Che cosa vuol dire la parola festival?
Come è pigro e - come tutte le pigrizie - consolatorio sentirci dentro, al fèstival, solo la festa! Niente di sbagliato, la sentiamo perché c'è: la parola deriva dal latino festivus, piacevole, festivo. Lo scrittore Paolo Monelli puntualizzava: «Talora festival ha significato semplicemente un più grande baraccone fra le baracche carnevalesche che sorgono in un sobborgo cittadino, con banchi di vendita, pesche di fortuna, lotterie e simili, il tutto sommerso in un frastuono di bande musicali». Sempre Monelli spiegava che nell'intitolazione di un certo «festival musicale» si era sbagliato tre volte: «usando una parola straniera senza necessità, togliendola dal suo regno popolaresco e dandole un carattere di raffinatezza che non ha mai avuto, e infine aggiungendo il superfluo aggettivo "musicale", poiché festival significa già di per sé "festa musicale"». Era il 1933. Oggi il carnevale è tutti i giorni, e quindi tutti i giorni basta prendere il baraccone più grande e chiamarlo festival, e il più è fatto, non c'è bisogno di organizzare più niente. Il festival si organizza da solo.

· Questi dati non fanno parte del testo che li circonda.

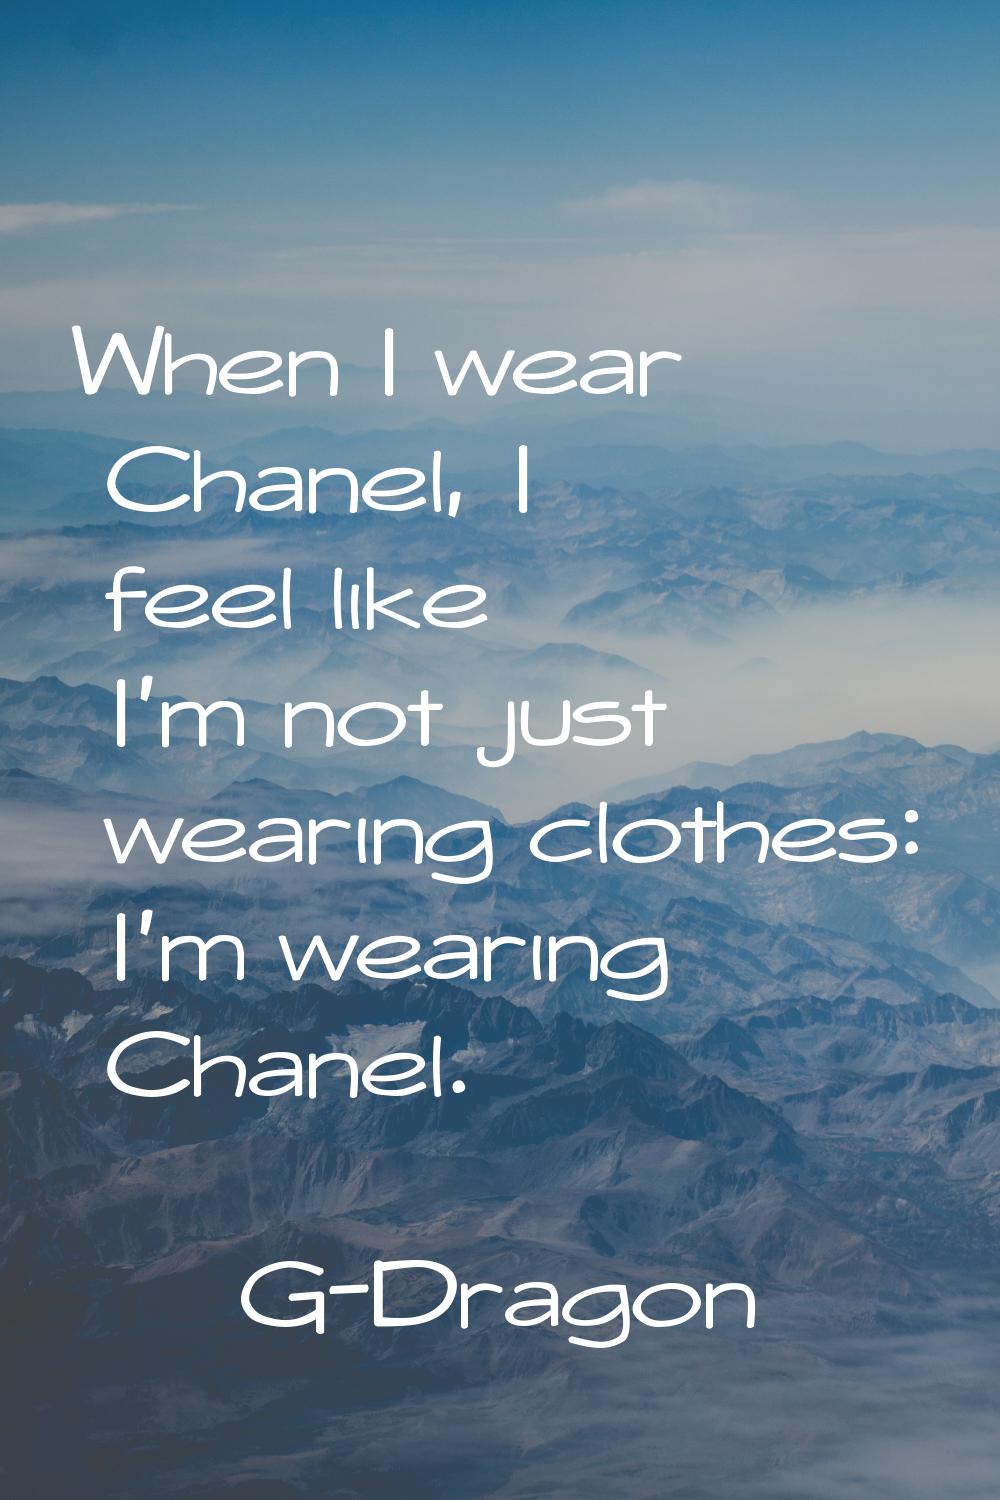 When I wear Chanel, I feel like I'm not just wearing clothes: I'm wearing Chanel.
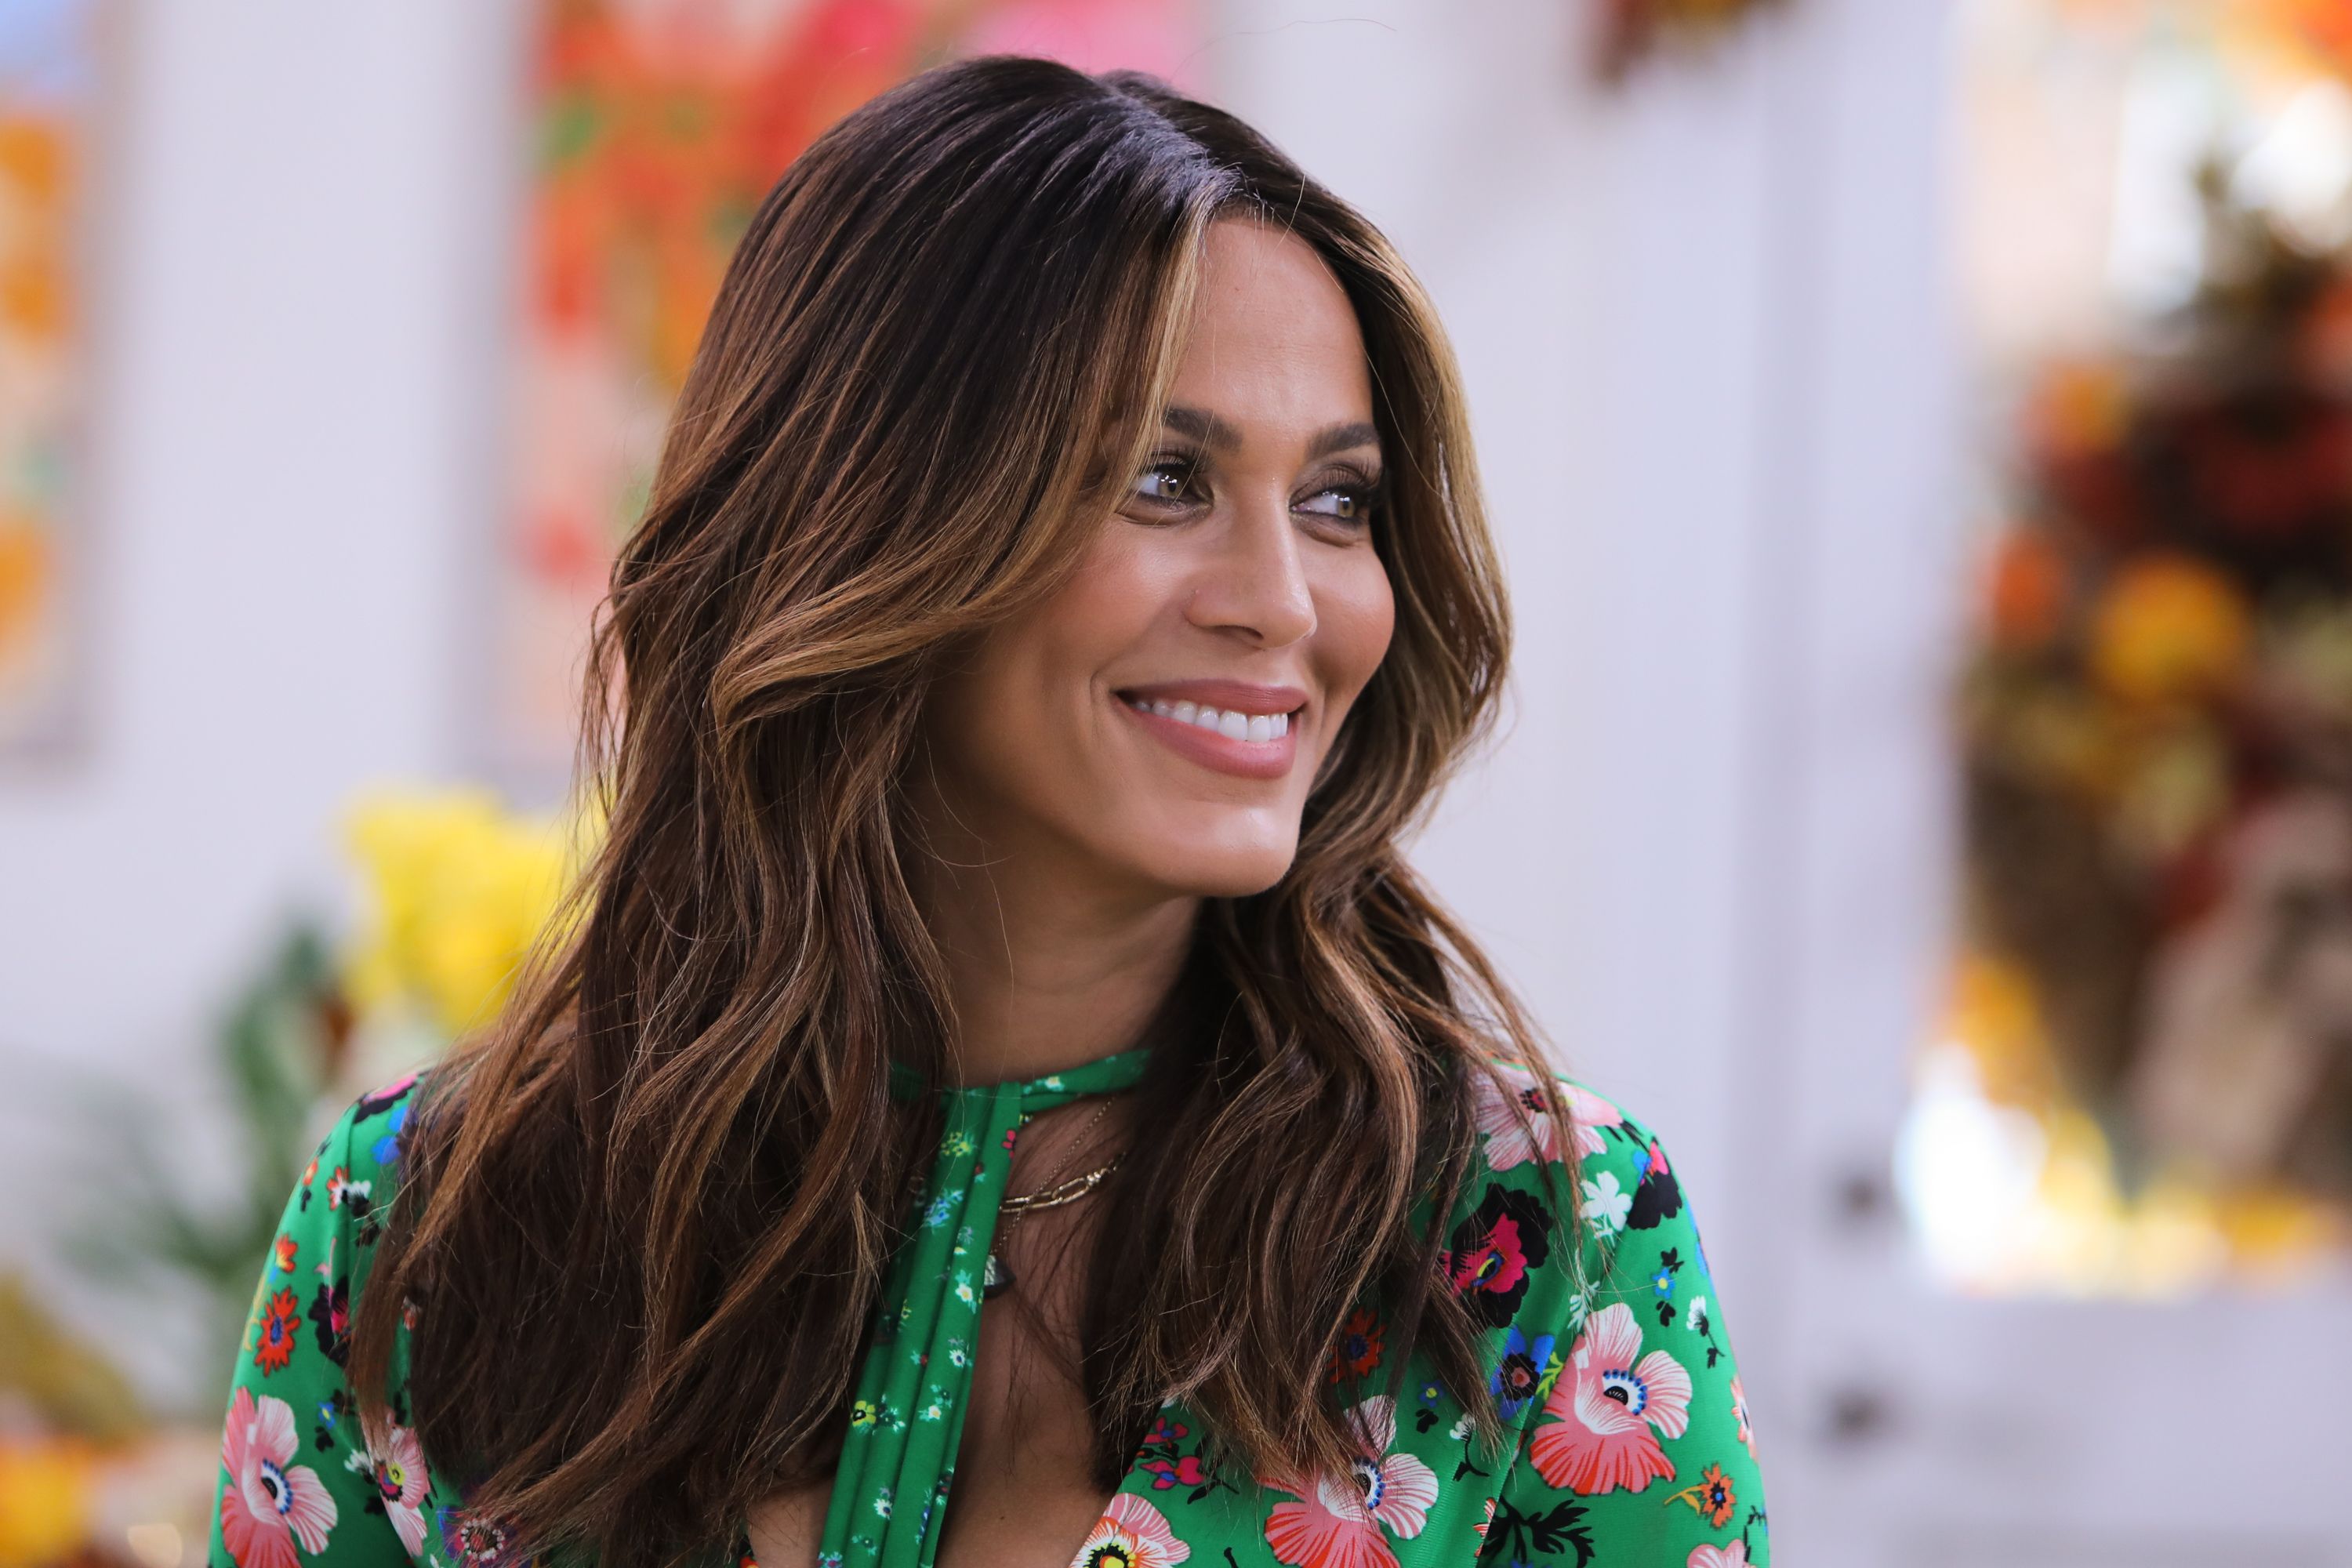 Actress Nicole Ari Parker at Hallmark's "Home & Family" at Universal Studios Hollywood on October 4, 2018 | Photo: Getty Images

Tutto questo basterebbe se non fosse che ci sono persone che, per dare prestigio alla loro pronuncia, non dicono fèstival ma festivàl. Ora la festa non ce la sentiamo più, e caso mai ci sentiamo lo stivàl, l'iconografia solita dell'Italia, un piede buttato nella pozzanghera del Mediterraneo, calzato per le incombenze della guerra, o più probabilmente, della pesca. Il festivàl è infatti anfibio, va per terra e mare, cammina su qualsiasi suolo: giochi e musica, ma anche filosofia, poesia, letteratura, scienza, economia, storia e, certamente, teatro. In ogni settore è possibile trovare l'assortimento di varietà del quale si possono compiacere le papille gustative di ogni pubblico. Non ti va la meccanica quantistica? Sotto il tendone sta per cominciare la tavola rotonda sull'anatomopatologia! Dopo l'aperitivo-Musil segue la cena-evento Petrarca e, dalle dieci, gli eventi della notte bianca-Noir! Sono aperte le iscrizioni, fate la colazione con un medievista!
Tra lo sdrucciolo fèstival e il tronco festivàl resta la terza via, sinora inesplorata, del festìval, dove non si sente più la festa o lo stivale, ma la stiva. Una stiva estiva, dove accumulare bagagli, derrate, cianfrusaglie e viaggiatori clandestini; un disperante indice analitico, in cui si assommano senza neppure l'ordine dell'alfabeto gli articoli prodotti lungo tutto l'anno, le collezioni autunno-inverno e primavera-estate appena passate, le promesse per il futuro, i pensieri fissi che non vogliono morire.
Nessuno sa cosa ci ricorderemo, di quel cumulo di merci in esubero che ingombra le strade di ogni festival. E' già tanto ricordarsi dove mettiamo di solito l'accento.